“As a student of Chinese literature, I have a hard time writing what I want to write because I am afraid what I write will probably be deleted.” So said a student to Peter Hessler. He’s a New Yorker staff writer who served two stints teaching English in mainland Chinese colleges. He compares notes from the ‘90s and now, and reflects, in Other Rivers.
On his first visit in 1996, the students were threadbare, malnourished and had never met an American before. But they were already benefitting from Deng Xiaping’s economic reforms. Material conditions steadily improved by the time Hessler returned, but the mood was different. The sayings of Mao and Deng were quoted by students “as casually as if remembering a conversation from last week.” While professing admiration for their country’s current thought leader, Xi Jinping, affection seemed lacking. Xi is a bureaucrat wielding enormous power. Freedom of expression peaked in the early ‘00s and receded before Hessler returned, and the “frontier equality” of Deng’s economy had tamed.

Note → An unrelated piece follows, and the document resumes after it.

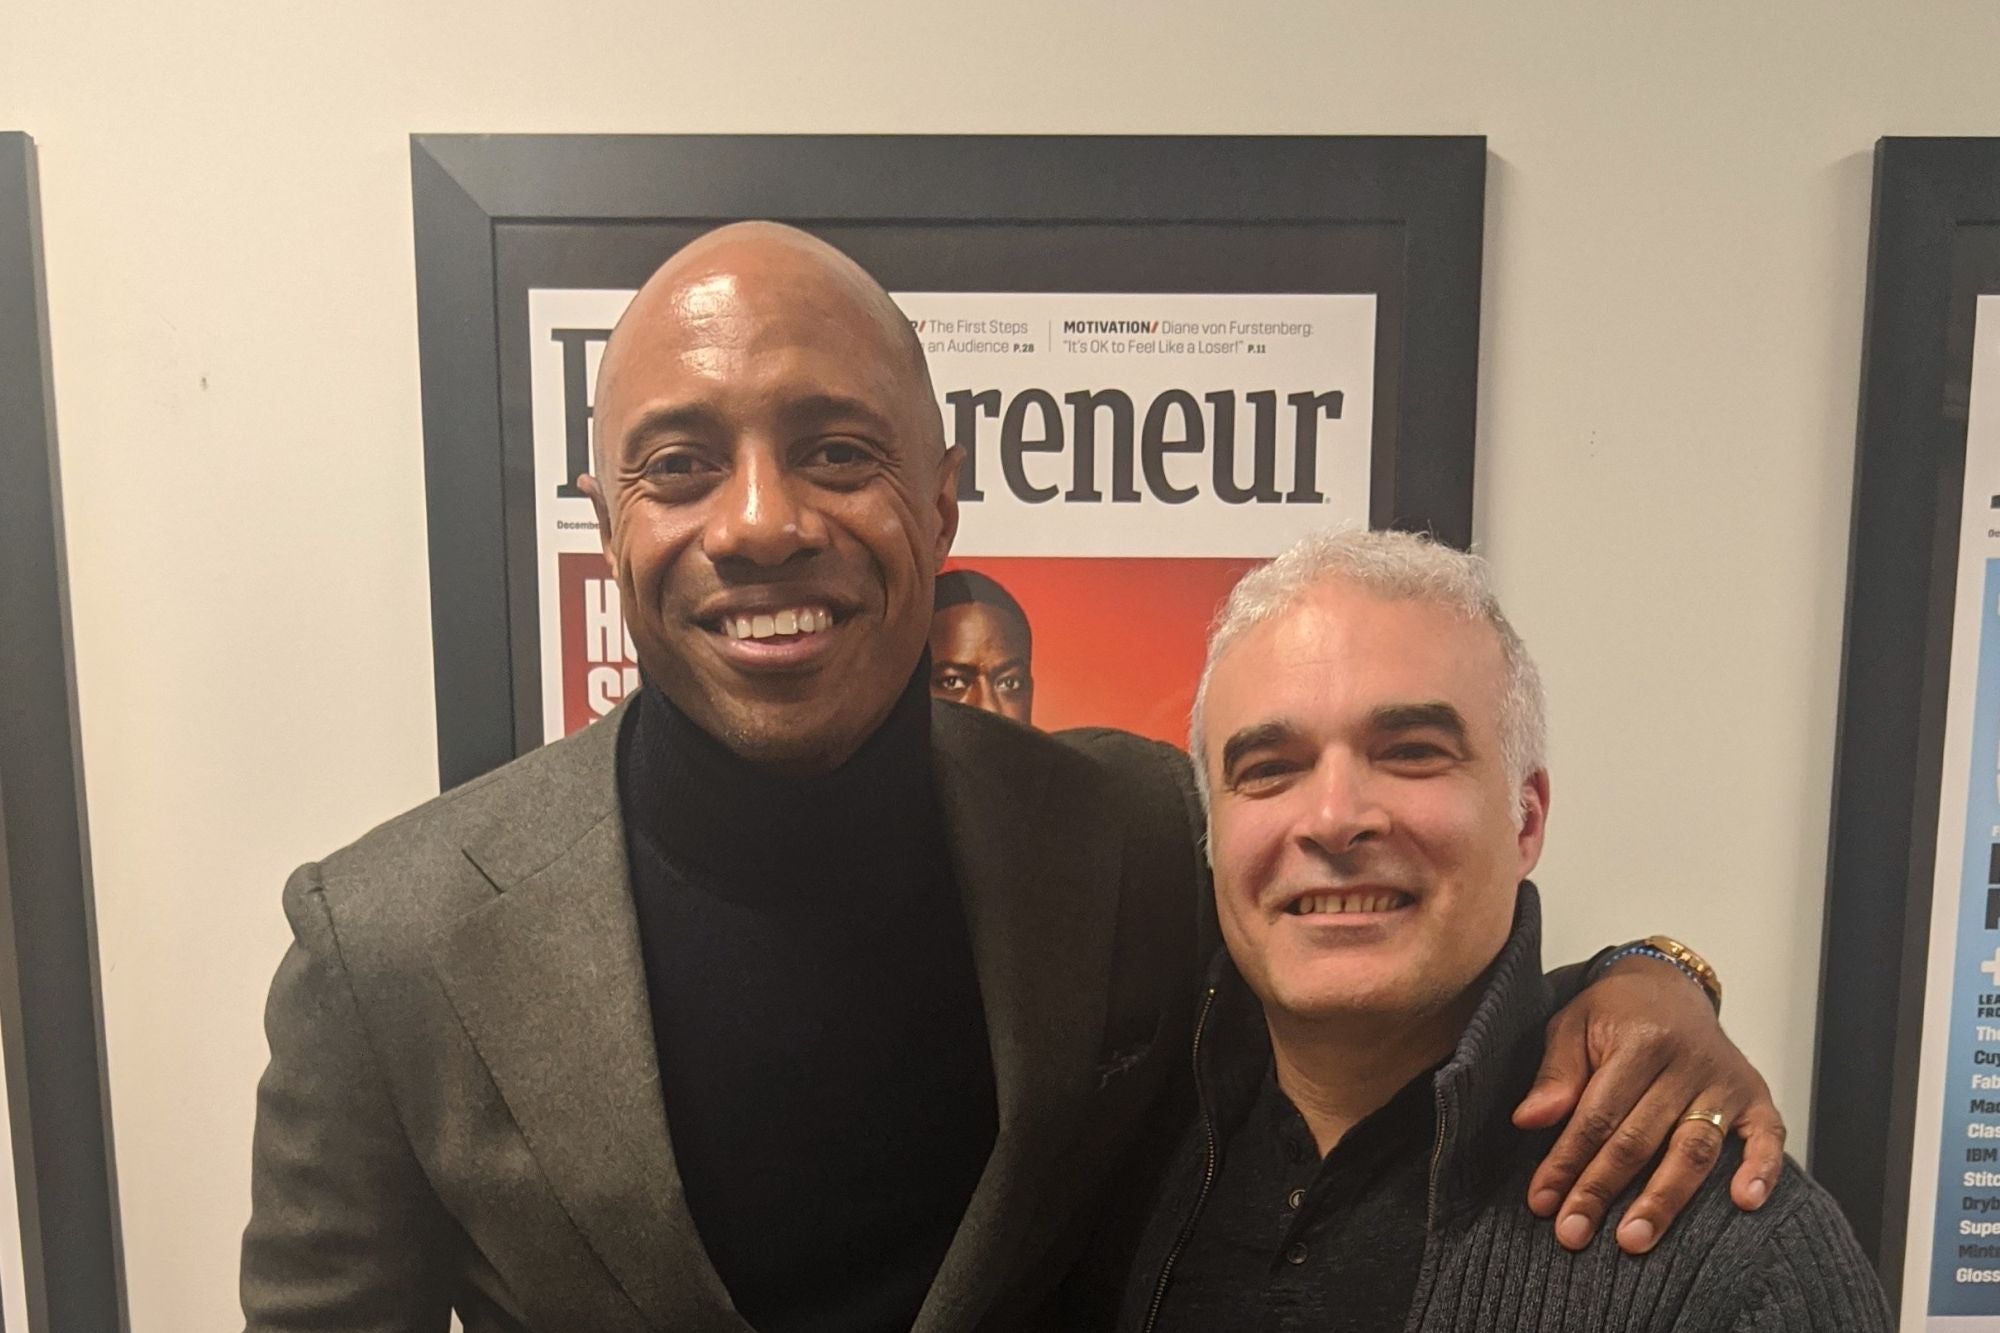 Jay Williams: NBA, ESPN Analyst and Entrepreneur – Suiting Up

Hessler collects many stories from students he encountered. He was teaching in China in 2020 when the country shut down during Covid. To enter the campus, he passed through automatic turnstyles with infrared facial recognition scanners. Students were confined to their dorms. Rumors circulated that the virus was an American plot. Hessler found that unlike his naively hopeful students of the ‘90s, the “Generation of Xi” were “brutally honest about themselves, and they entertained few illusions about the Chinese system.” They live in a censored, authoritarian society where social mobility is driven by intense competition. “Most young Chinese I knew were too numbed and too distracted by the struggle for success to think hard about the big picture.”